One of the most important things you can do is to make sure you have a good chair. If you’re working from a café or coworking space, make sure you’re sitting up straight and not slumped in your seat. If you’re working from a (temporary) home, look for places that will allow you access to a good office chair that supports your back.

We all must sit down at some point but take care that your chair is the right height for you and adjust it as often as you need. Even just turning around or taking breaks from time to time will help keep your posture in check.

To improve your ergonomics even further, consider getting access to a standing desk in a coworking space and adjusting many of the tasks you would normally perform sitting down. You might also consider investing in a height adjustable, portable table to allow you the flexibility of keeping your workspace as ergonomic as possible if you need to move around often, or in a hurry. Using a household item as a temporary footrest can also help support your posture.

Break Up Long Sitting Periods with Short Exercises

When you’re sitting at your desk, take regular breaks to stand up and move around. Set a timer on your phone or computer to remind you to get up every 20 minutes or so and stretch your legs. Walking is a great, cost-effective exercise for improving your posture, so try to get out for a walk every day, even if it's just a short one.

Walking up and down stairs is also an excellent way of keeping circulation flowing through your body, which will also help improve posture and your general alertness.

To break things up in the long, sitting days, there’s always walking and static stretching. Every few hours, walk around your desk (or with your hand luggage if you’re in a café) for at least 5 minutes to stretch out your muscles and ease any stiffness.

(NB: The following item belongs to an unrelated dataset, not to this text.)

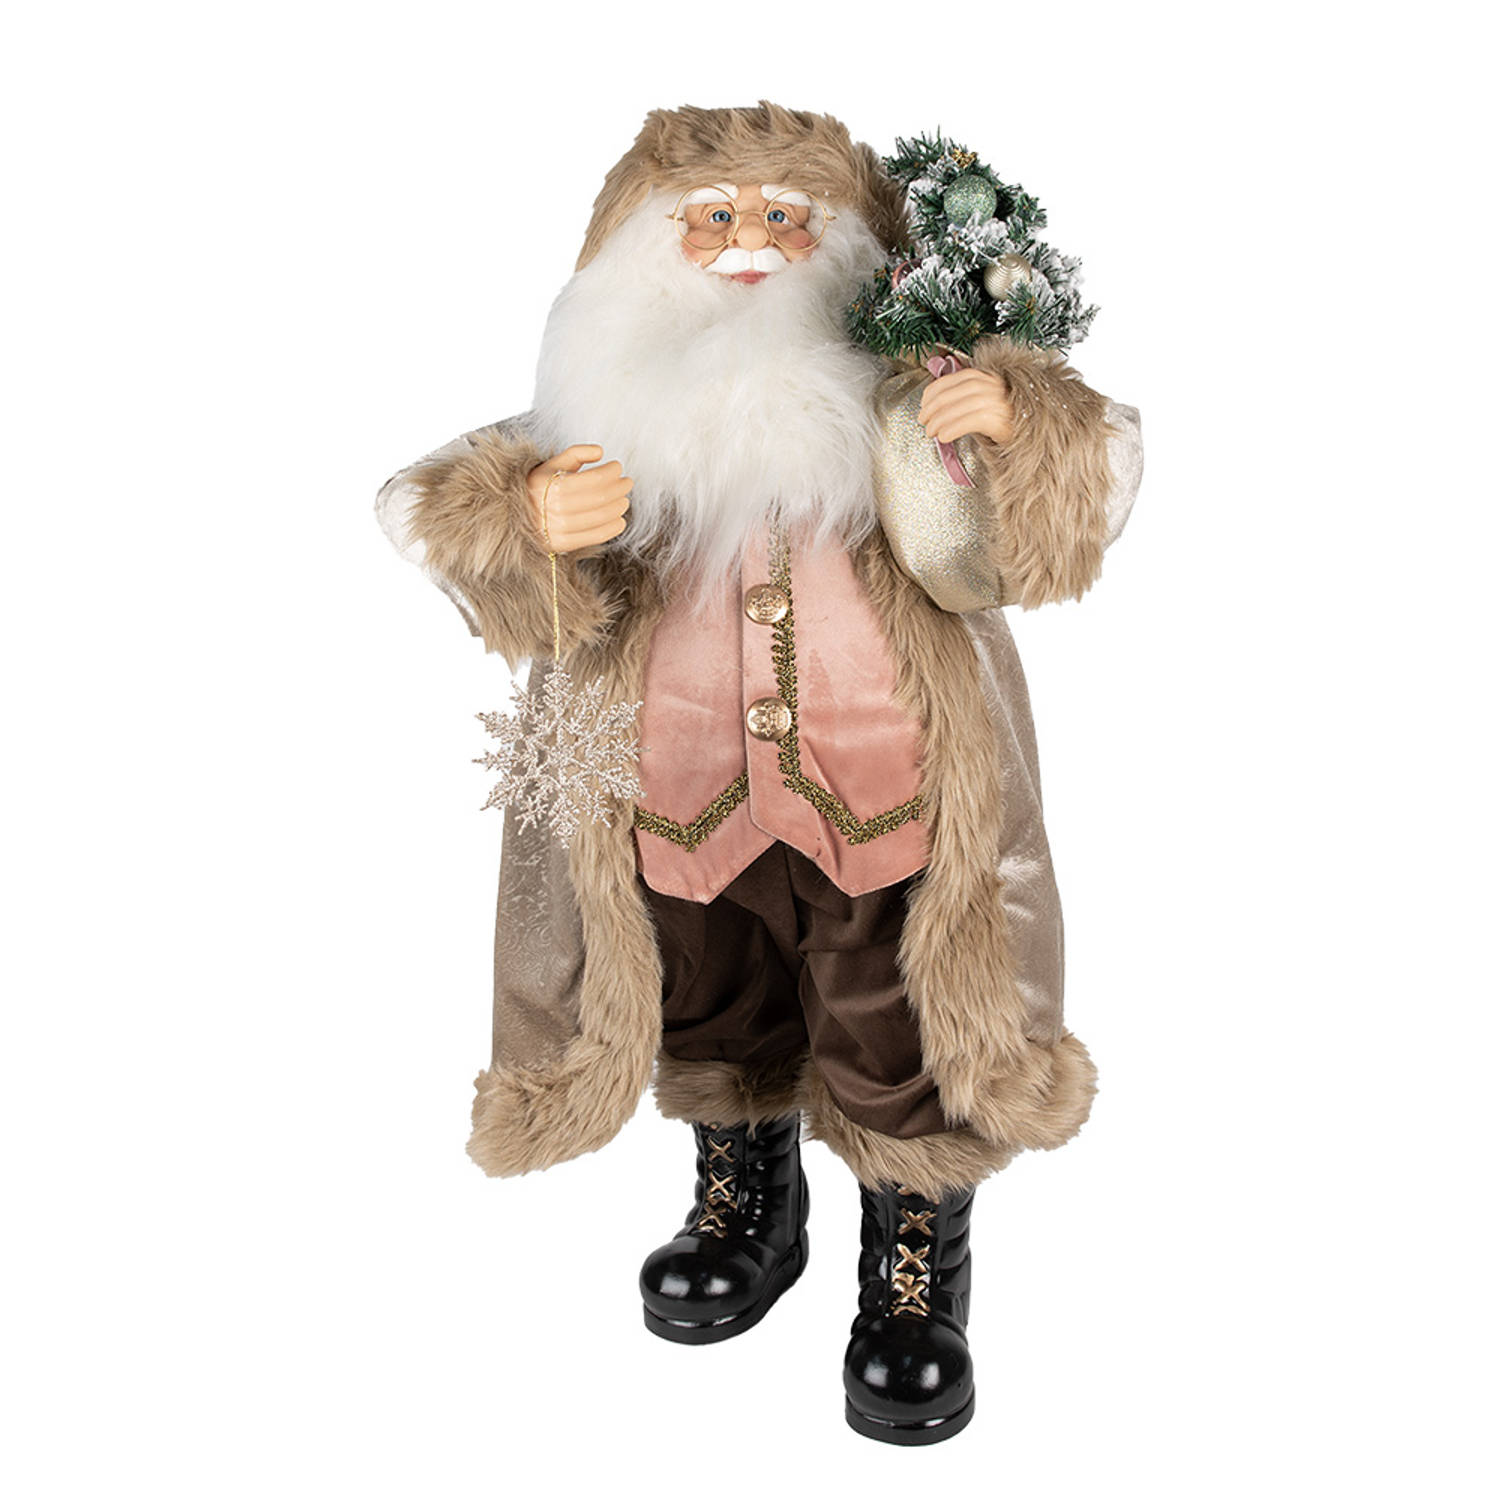 HAES DECO - Kerstman deco Figuur - Formaat 26x16x47 cm - Collectie: Traditional Santa - Kleur Beige - Materiaal Textiel op kunststof - Kerst Figuur, Kerstdecoratie

If you do this regularly, it will help keep your muscles strong and prevent pain later during the working week. This is vital to bear in mind for longer stints on the computer, as our muscles tire after long periods working on a screen, which can lead to pain and poor posture.

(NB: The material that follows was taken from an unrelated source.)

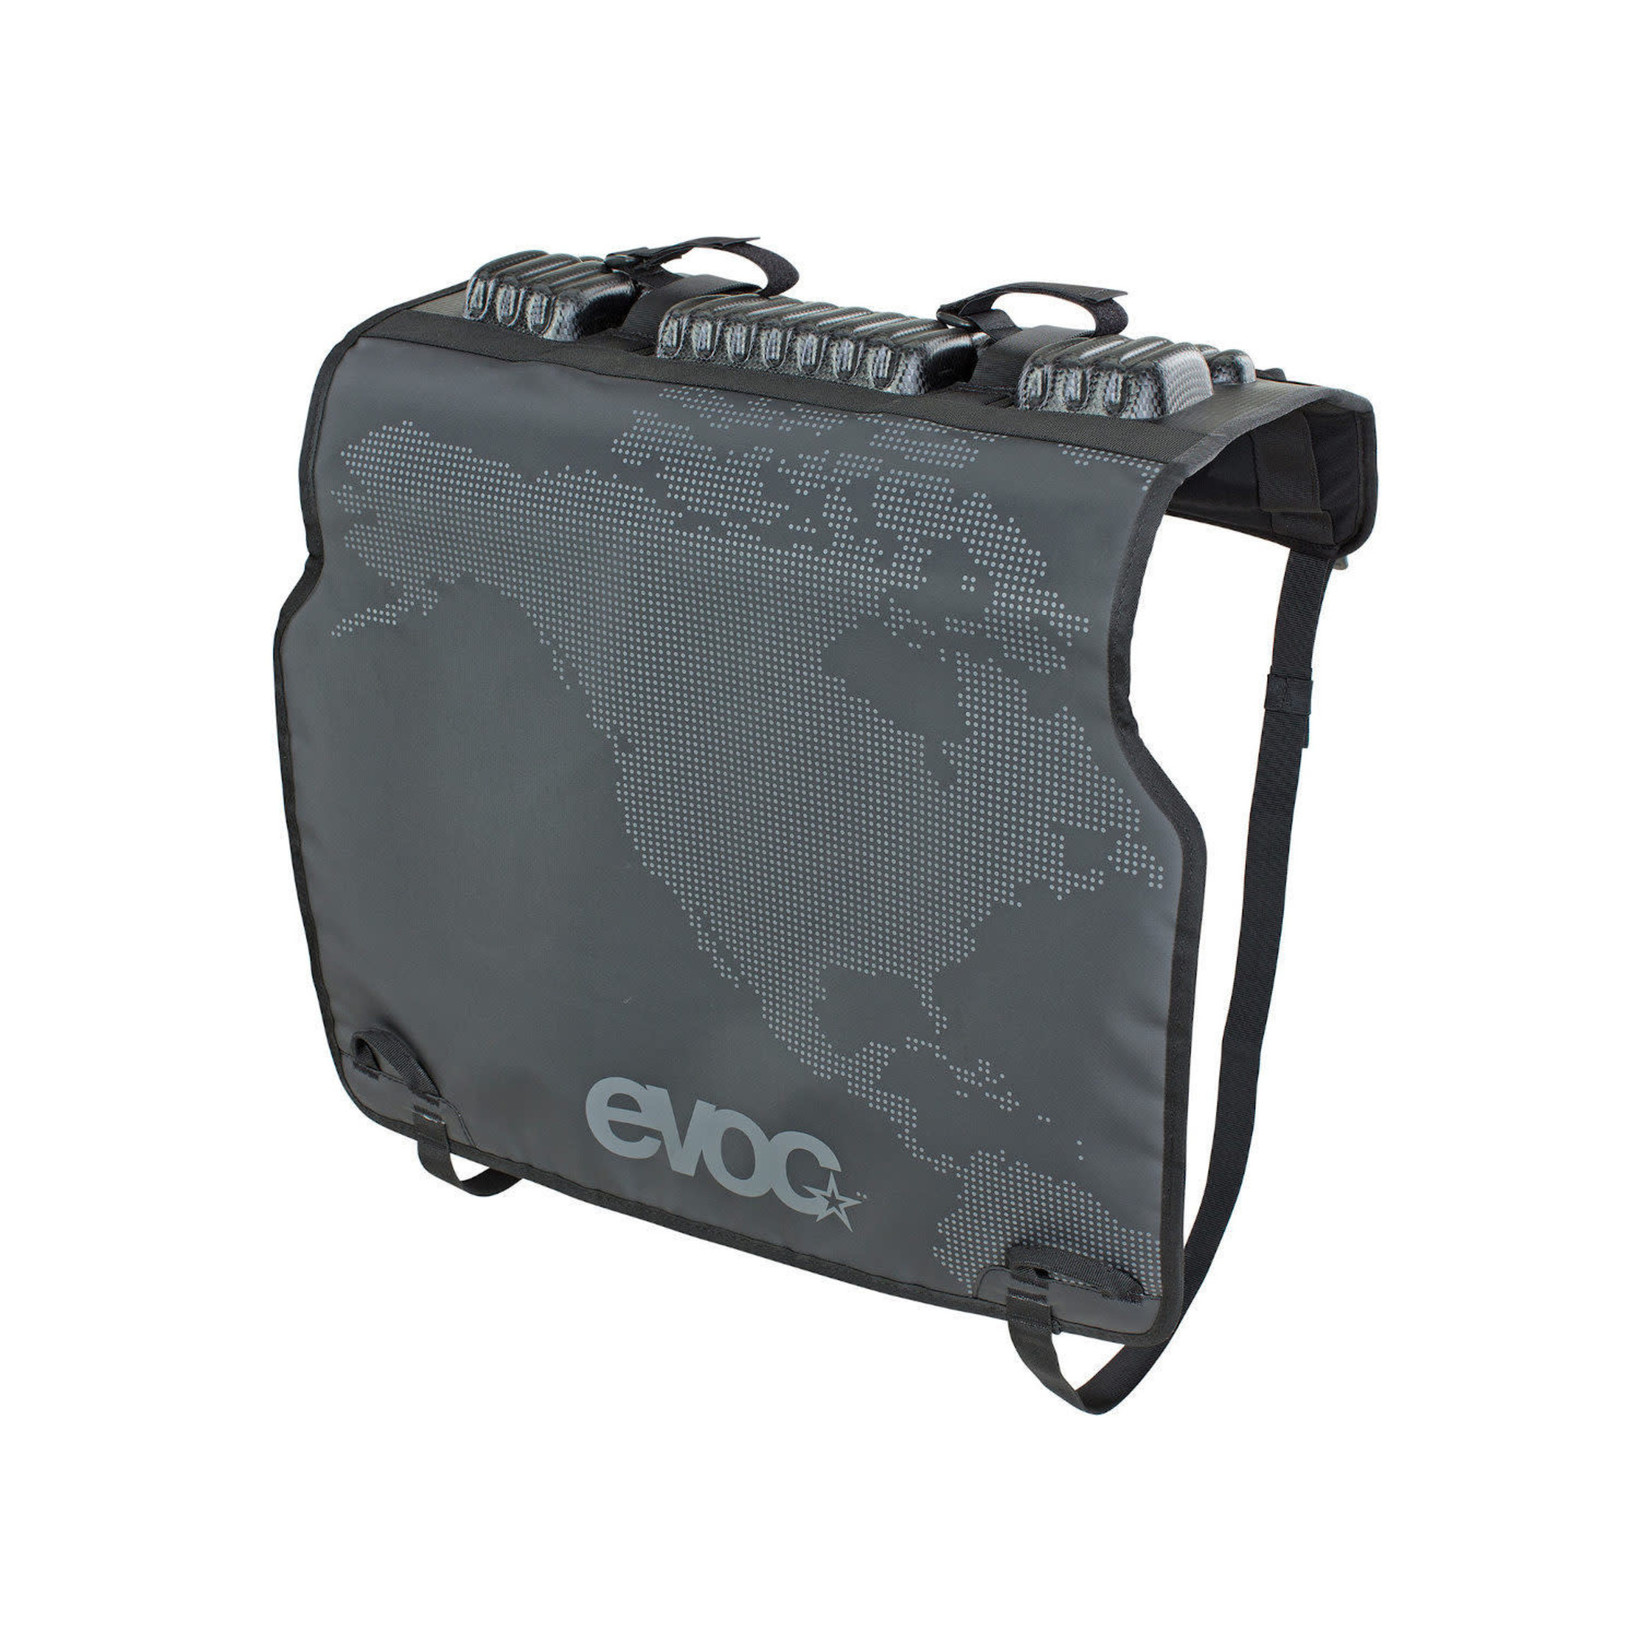 EVOC EVOC, Tailgate Pad Duo, Protecteur de panneau de boîte de camionnette, Convient à toutes les camionettes, Pour 2 vélos, Noir

Keep Your Health at the Forefront of Your Mind

One of the great things about working remotely is that you have the freedom to work whenever and wherever you want. However, this freedom can lead to a lack of structure, which can easily lead to bad habits forming.

One area we sometimes lose sight of when working from home is our general health, including our physical and mental wellbeing. Taking regular breaks for walking, stretches and exercise will keep our bodies feeling good and ready for the task at hand.

In Summary

If you’re working as a digital nomad, you’ll find that your flexible schedule might lend itself to less than desirable habits when it comes to looking after your health - but it’s also important to remember that you are not alone in this and we’re all guilty of letting our bodies go. However, this can lead to a loss of structure and focus, so it’s important to make yourself do the best thing for your body by taking regular breaks and getting outside regularly.

Poor posture is often the cause of other problems, including back pain and lack of motivation. But remember - healthy bodies make for healthy minds!